The subsections below compare the Rough Set method to the criterias outlined in the above methods. This comparison will give us a framework that can be used to compare the various data mining techniques.
The rough set method is capable of handling most types of noise. If the input data is missing an attribute that is dispencible then the classification process is not affected. If the input data are missing important attributes, then the Rough Sets can not classify the object and the object must be thrown away. There are algorithms implemented that can 'guess' the value of a missing attribute, by doing statistical insertion among others, and thereby keeping the object.
As described before, the default rules in Rough Sets can handle inconsistency in the information system quite nicely. In fact, as pointed out, it may be a advantage to introduce inconsistency, by removing attributes, to make the decision rules more general.
Rough set method does not use prior knowledge when generating default rules. As mentioned before the default rules generated by Rough Set algorithms are generated only from the objects in the input data.

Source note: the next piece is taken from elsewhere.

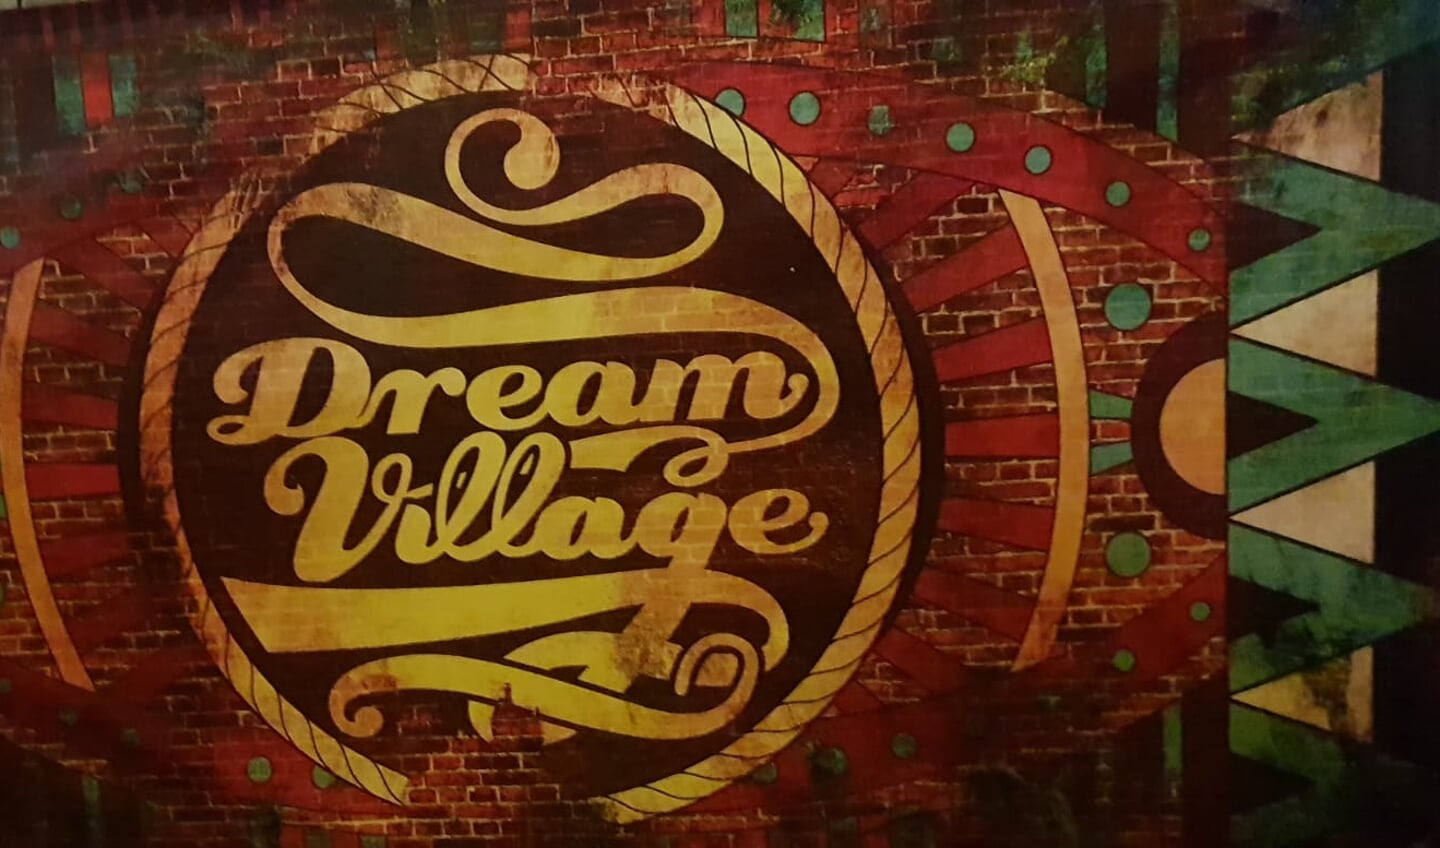 Dream Village bij Bavel, zaterdag 1 september 2018.

The output from the Rough Set algorithms are rules, preferably default rules. These rules can then be uses to predict decisions based on the input attributes. By making variations in the threshold value, one can tune the number of default rules to get the most optional result. Rules are easy for humans to interpret and use.
The complexity of partitioning is O(nlog(n)), a sort algorithm. Computing the reducts is NP-complete, but there are approximation algorithms (genetic, Johnson, heuristical search) that have proven very efficient.
It is easy for the user to find out how the results were generated. This is because Rough Sets method can display the indiscernability classes it created and the distribution of the objects in these classes. The user can from this confirm the rules generated, and argument, in basis of the classes, why the rules are correct.